Here’s what I wish I could tell the younger girls who watch us like we’re the weather they’re walking into:
You are not a project, even if the world treats you like one. You will be told that your face is a résumé. Sometimes that will be true, and recognizing it doesn’t make you shallow; it makes you awake. But every system has loopholes. Confidence is one. Competence is another. A friend group that values your laugh more than your jawline is a third. None of these free you from the pressure entirely; they just give you a place to stand while the tide goes out and back again.
If you choose surgery, choose it with your eyes wide open—about risks, about the possibility of chasing “perfect” forever, about why you’re doing it and for whom. Demand cameras in the OR. Bring someone who will advocate for you when you’re groggy and scared. Budget for recovery time and loneliness, because both are real.
If you don’t choose surgery, don’t pretend you’re above the game. You’ll still feel its rules. Build armor that isn’t just sarcasm. Strengthen your body for what it can do, not just how it photographs. Curate your feed like your mood depends on it—because it does. Be tender with your reflection on exam weeks. Eat the tteokbokki sometimes and forgive the bloat.
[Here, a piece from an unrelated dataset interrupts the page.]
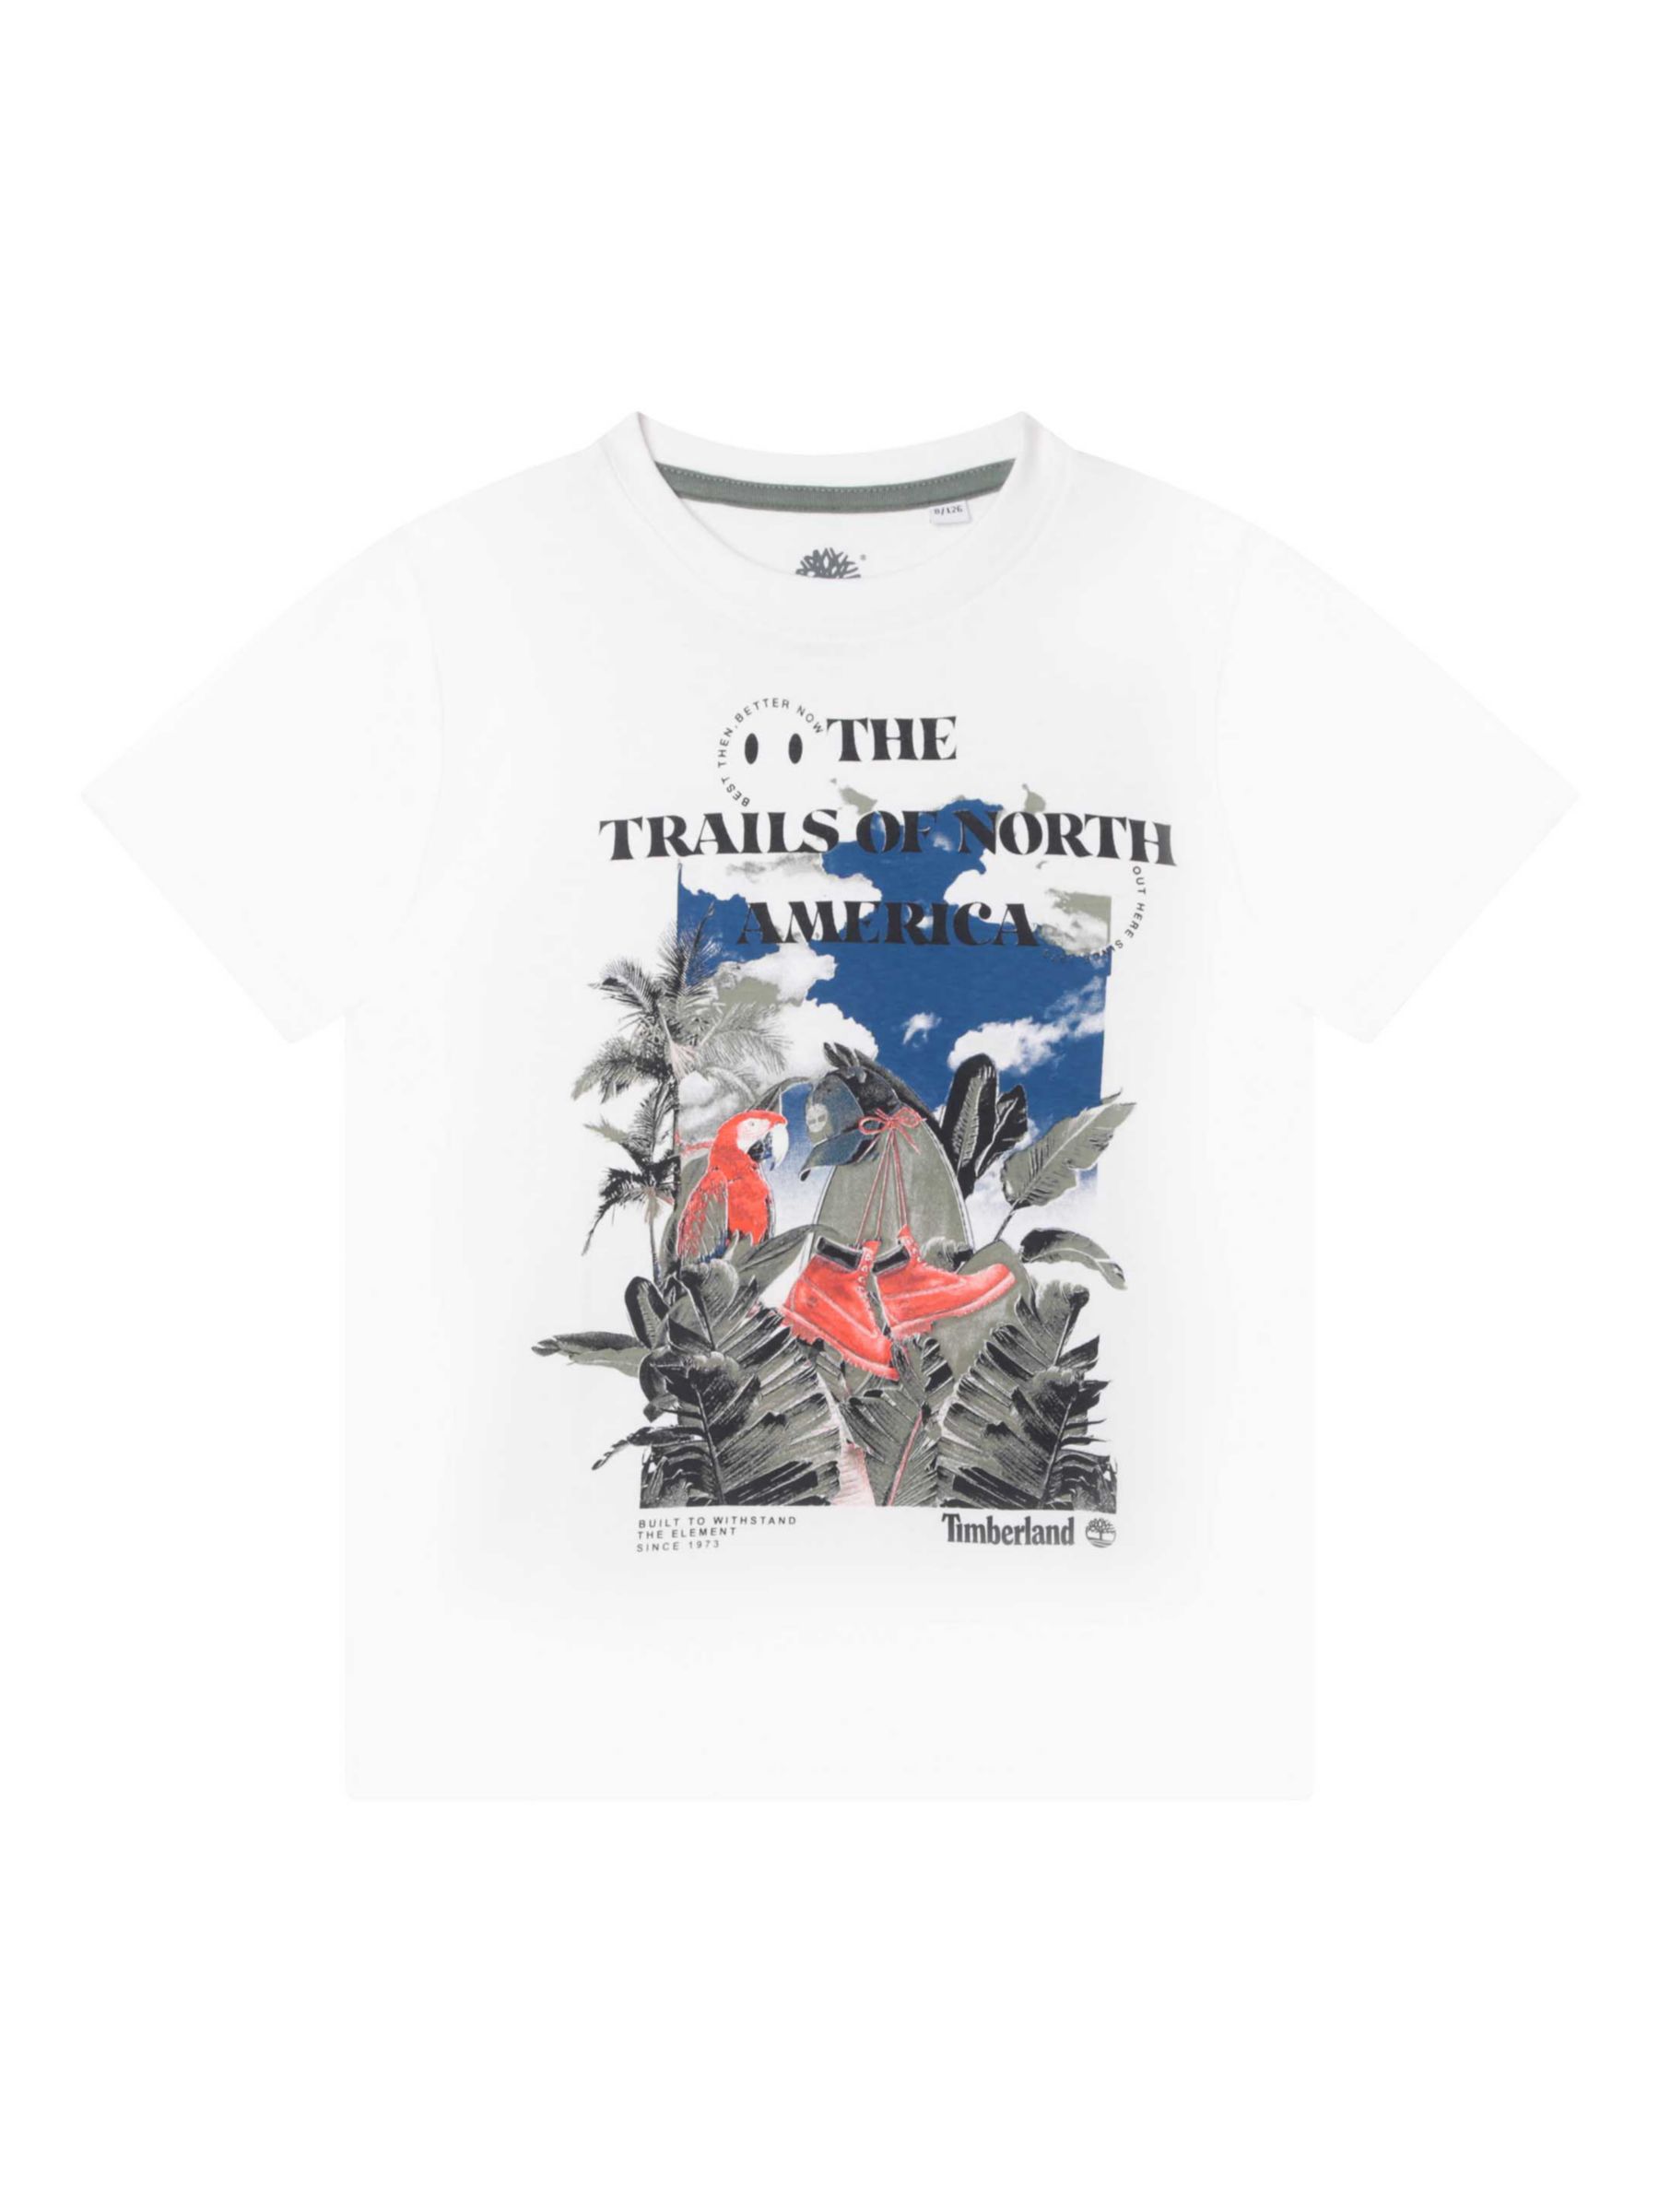 Timberland Kids' The Trails of North America T-Shirt, White, 4 years
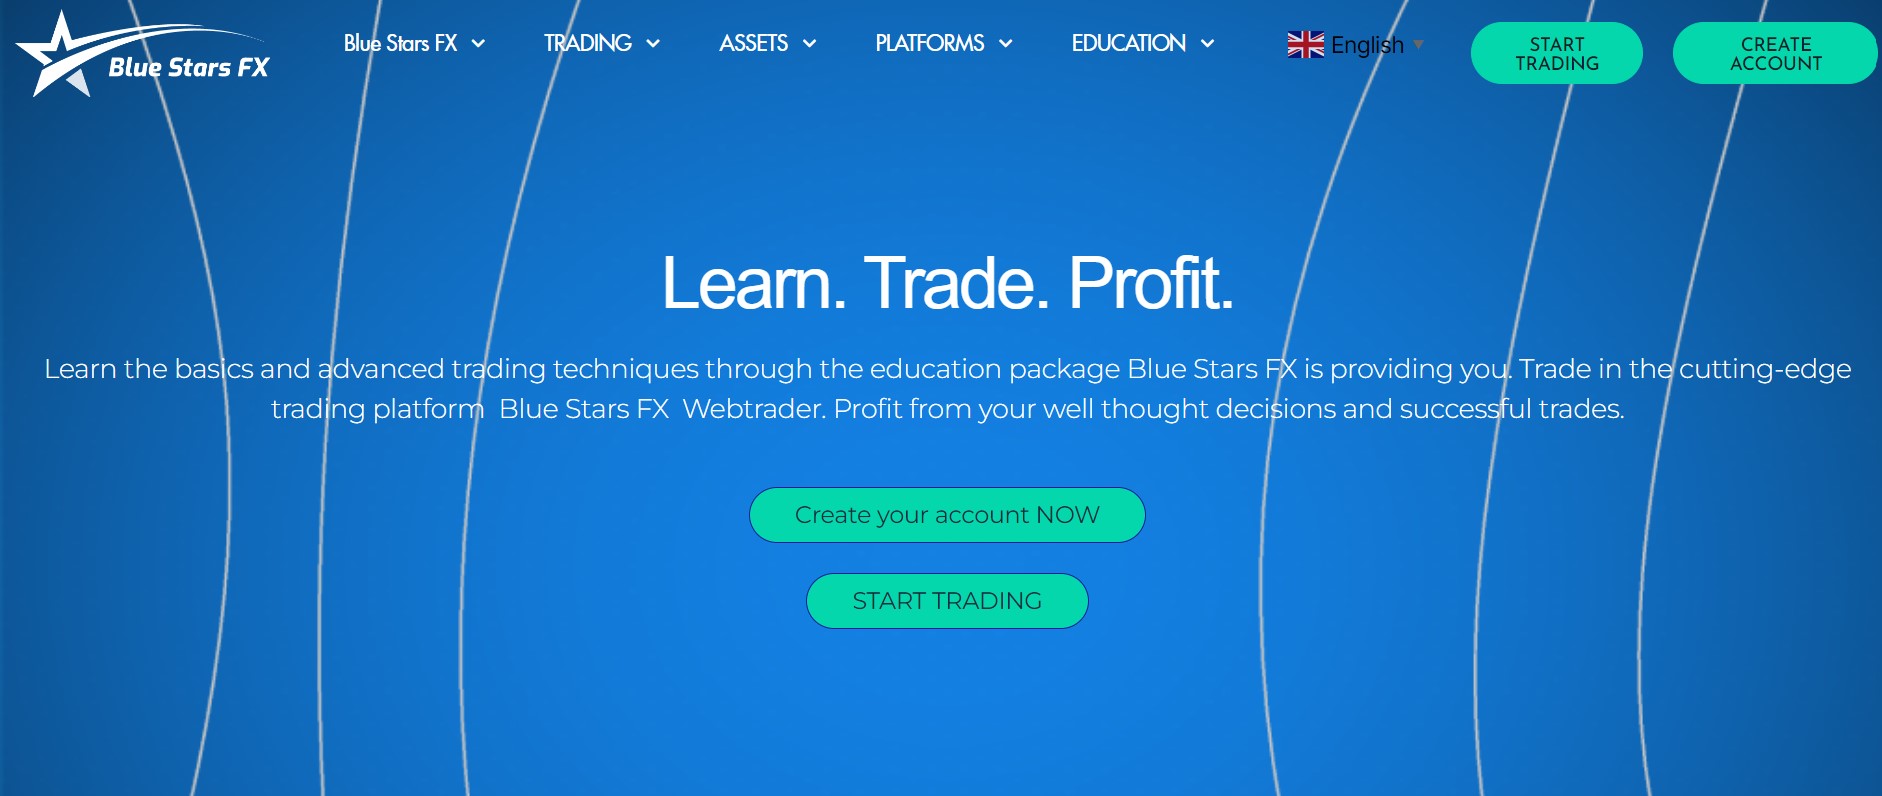 Blue Stars FX website

Mostly, find places where your face doesn’t lead. A debate club where your points matter more than your pores. A coding contest with no cameras. A choir where eyes close on high notes. A friend who forgets to return your lip tint and remembers your birthday exam week. A corner of the internet that talks about books more than blush.
I’m sixteen, and sometimes I still scroll my “preview” face before bed, two points wider eyes, one point smaller jaw. Some nights I believe I can earn my way into a life by becoming its poster. Other nights I remember that posters tear, trends change, and faces settle into stories you can’t foresee at sixteen. On those nights, I close the app, look at the honest mirror, and practice a different kind of gaze—one that isn’t grading, one that might someday feel like home.